Я подумал, что глупо прятать платок в сумку, если он может понадобиться в любую минуту, – у женщин имеется масса способов не убирать его далеко: положить в кармашек, засунуть за манжет рукава кофточки (на ней была именно такая кофточка), наконец, просто зажать в кулаке. Но Далила Рафаиловна вовсе не собиралась промокать свои безупречно очерченные глаза. В ее руках появился маленький (зажигалки бывают крупней) блестящий пистолет.
– Ах ты, уродец недоношенный, – не взвизгнула, не вскрикнула, а просто выговорила она, произнесла с огромной внутренней силой. И навела оружие на Валерия.
И в тот же миг погас свет. Погас свет и раздался выстрел.
Сухой щелчок выстрела и звук осыпающегося стекла. Два луча ручных фонариков выхватили из мрака поднявшуюся с кресла Далилу Рафаиловну, к ней стремительно приблизились две тени, и один из «апостолов» защелкнул на ее запястье наручники. Нырнувший на пол за мгновение до выстрела Валерий поднялся на ноги и щелкнул выключателем на подлокотнике кресла. Зажегся свет, и я увидел, что, во-первых, разбито окно и, во-вторых, комната наполнена народом. Кроме Петра и Павла, «опекавших» даму, здесь были полковник Калганов, сосед Петр Сергеевич и мой тезка Евгений. Кроме них, двое неизвестных мне людей: один с видеокамерой – он направлял объектив то на Далилу, то на Валерия, то на разбитое окно, другой с рулеткой – он замерял, кажется, все, что можно было замерить, и записывал цифры в блокнот. И вдруг я увидел завуча злополучной школы, мужа Далилы Рафаиловны Самсона Георгиевича. На него было больно смотреть. Я подумал, что ни гром среди ясного неба, ни землетрясение, погубившее родных и близких, нельзя было сравнить с тем, что на него навалилось. Он и не понимал пока сути происходящего.
– Далила! – дико закричал он. – Далила!!! Объясни, что все это значит!
Она посмотрела на своего мужа с такой брезгливостью, от которой профессору впору было сойти с ума. И вдруг произнесла слова, подобных которым, я уверен, он не слышал от нее ни разу за их не такую уж короткую совместную жизнь. Она сказала:
– Пошел на хуй, слизь!
О-ля-ля!
В комнате наступила тишина.
И в этой тишине раздался негромкий голос полковника Калганова:
– Не спускать глаз. Не отпускать от себя ни на миллиметр. Ни в туалет, никуда.
– В туалет-то… – пытался робко возразить один из «апостолов».
– Никуда. Вместе с ней. Плевать на все. Вытирать ей нос своим платком. Чесать, где чешется. Она должна быть жива. Хоть обосранная, хоть голая – ваше дело. Жива. Ясно?
– Так точно.
– Так точно.
Наш сосед и мой тезка подписывали какие-то бумаги.

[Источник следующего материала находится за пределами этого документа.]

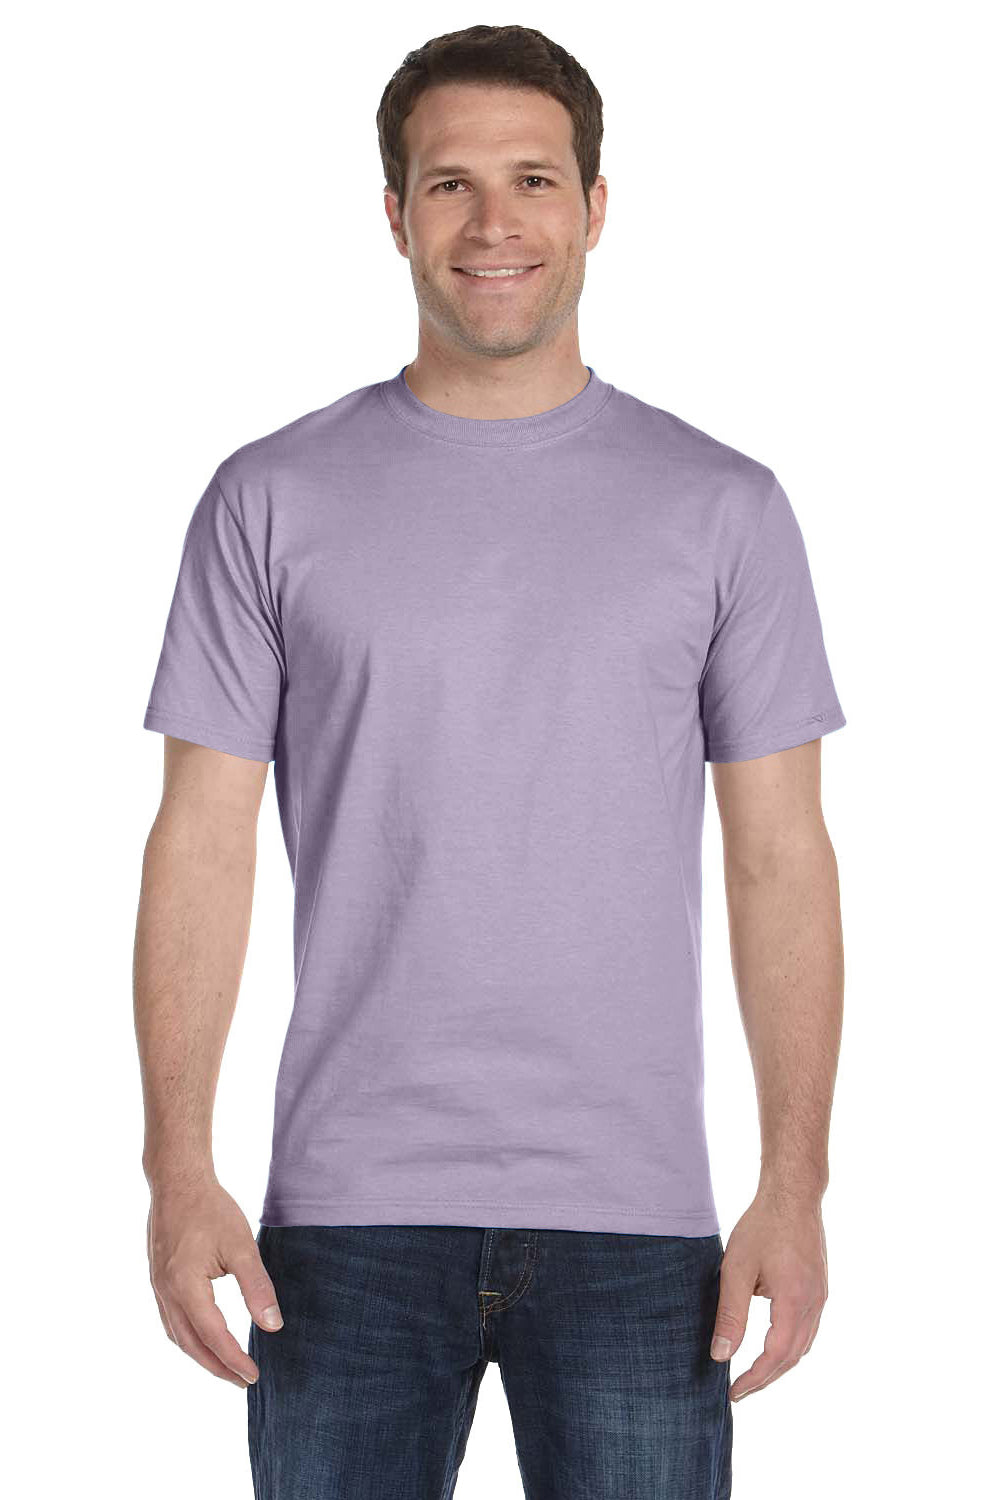 Hanes Men's ComfortSoft 100% Cotton T-Shirt 5280
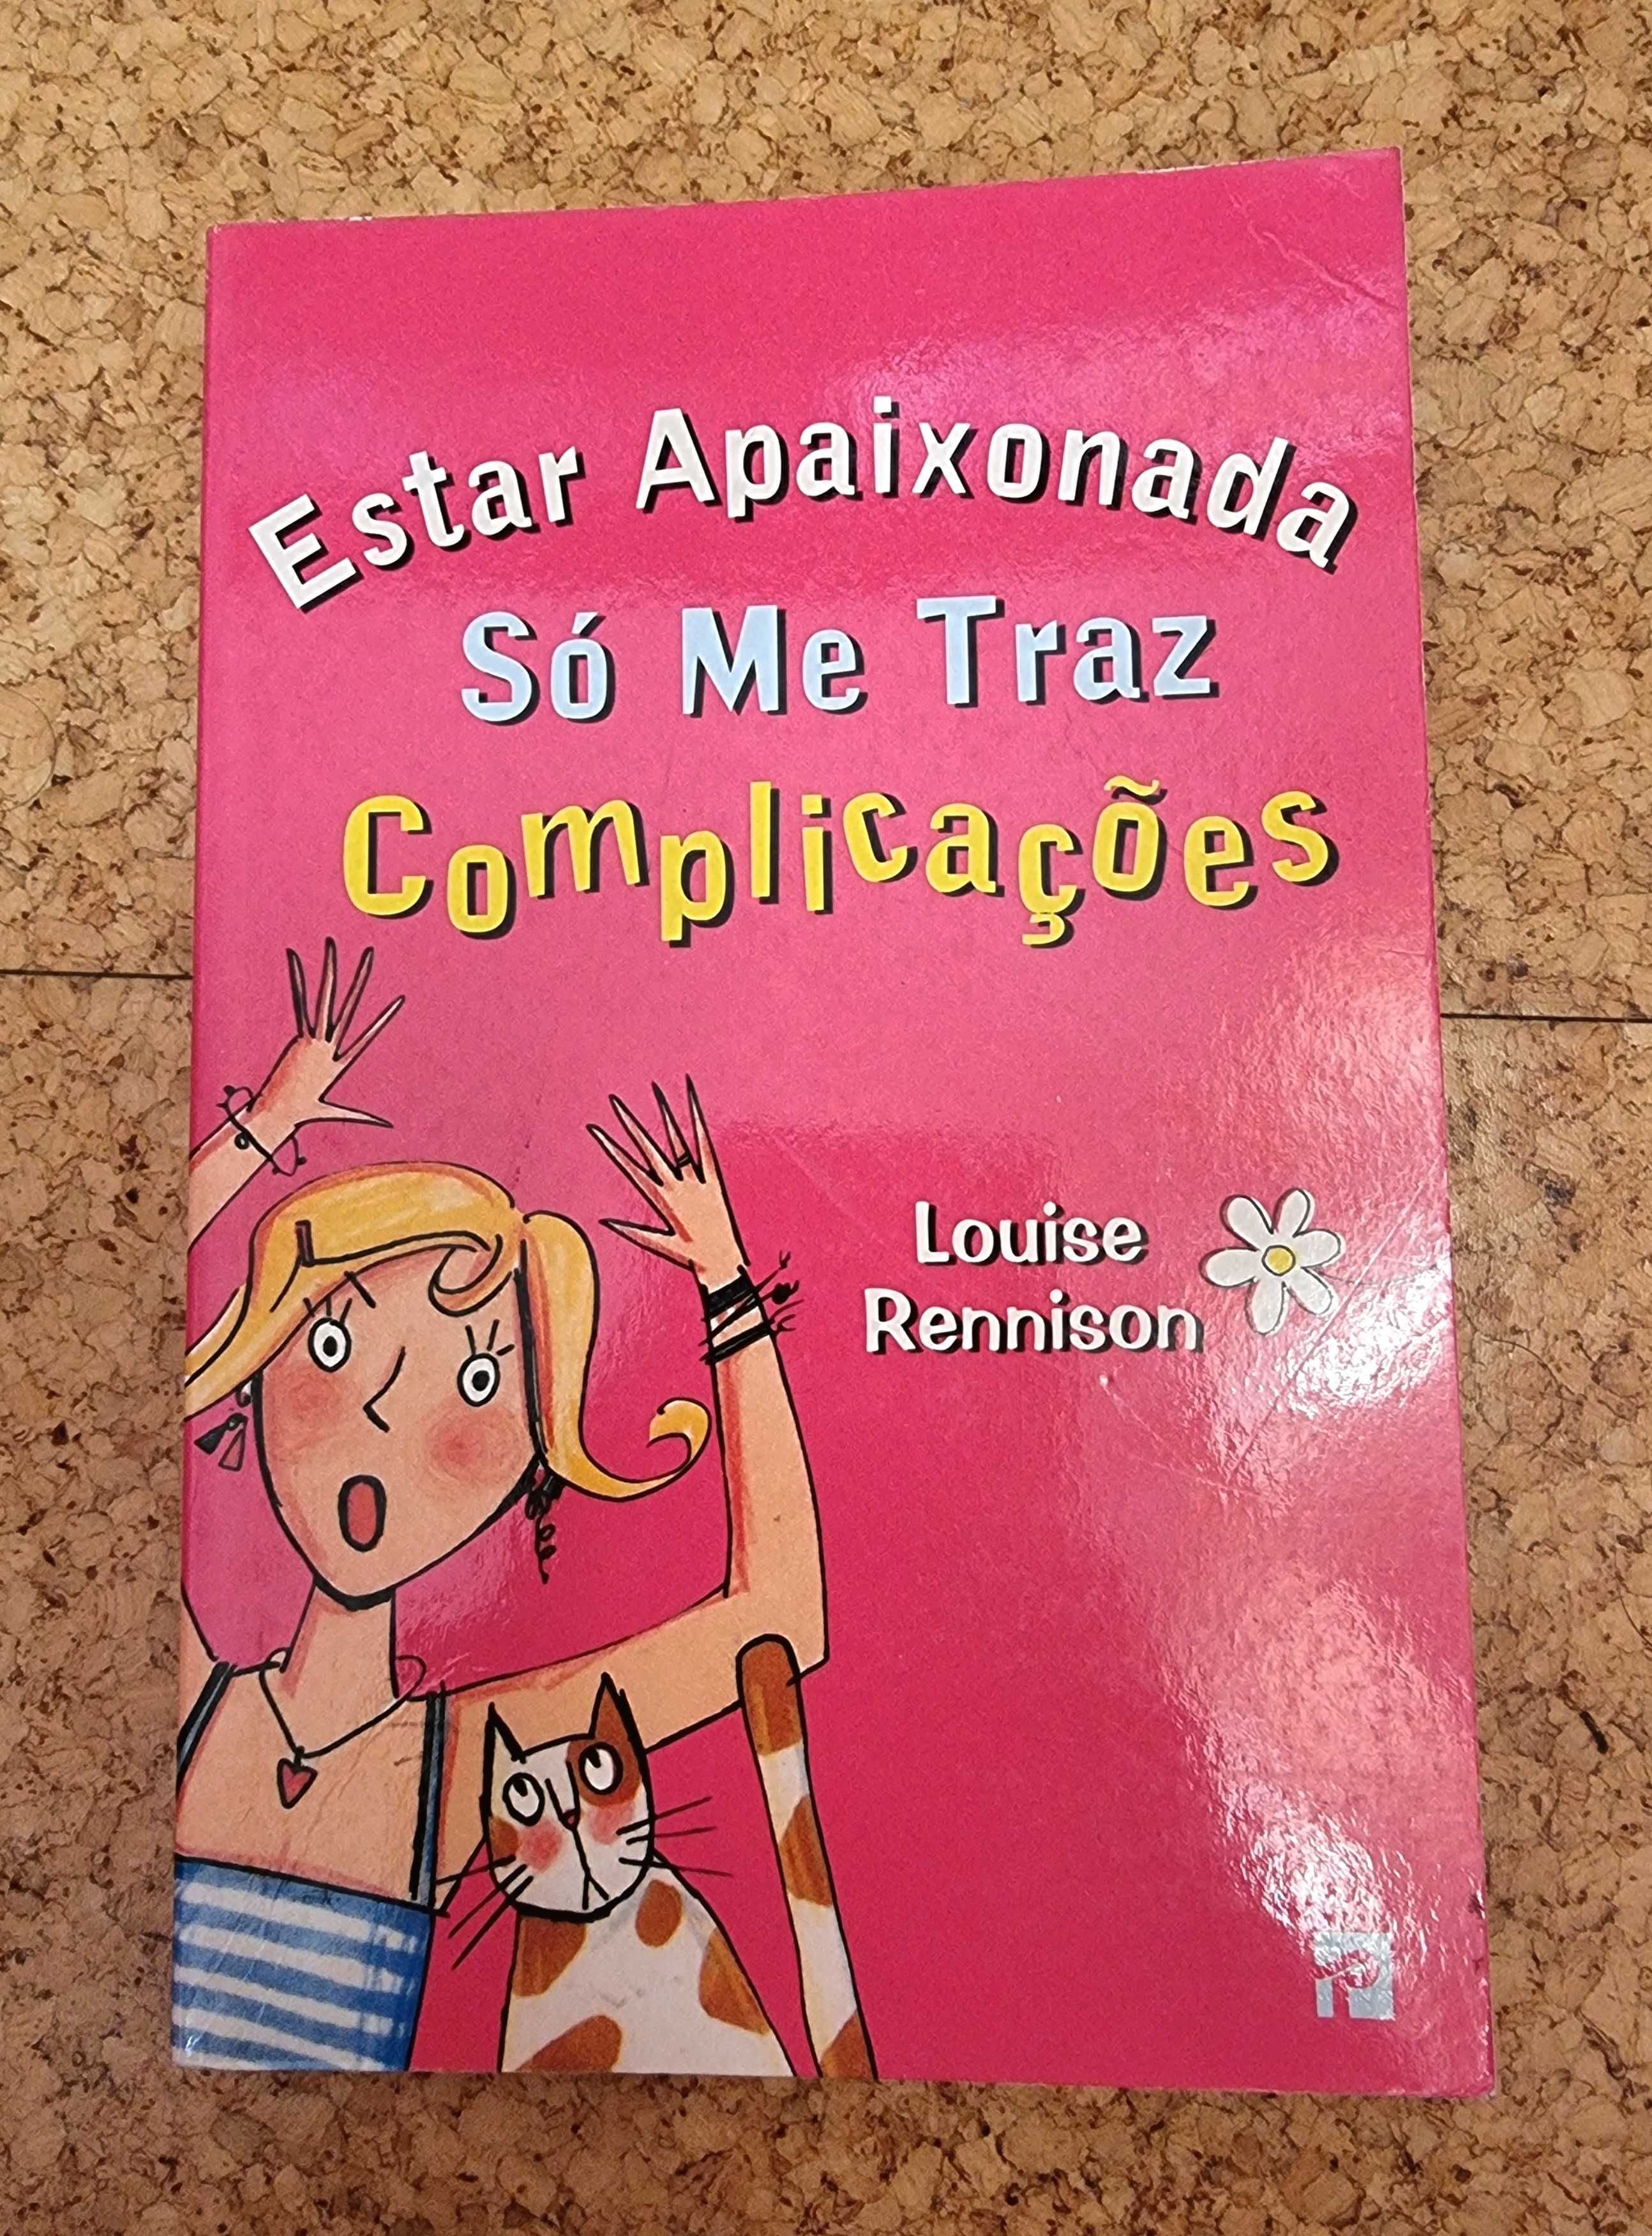 Livro "Estar Apaixonada só me Traz Complicações" de Louise Rennison

Я понял, что это связано с покушением на Валерия – акты или протоколы. Потом мне объяснили, что покушение это, этот выстрел, было в общем-целом срежиссировано самим Валерием. Потому что иначе получить санкцию на арест Далилы Рафаиловны не представлялось возможным: у нее имелись немыслимо высокие покровители. Бред, если подумать…
Народ стал покидать нашу боевую штаб-квартиру. Ушли сосед и тезка.
Хватаясь за стены, наподобие слепца, ушел Самсон Георгиевич.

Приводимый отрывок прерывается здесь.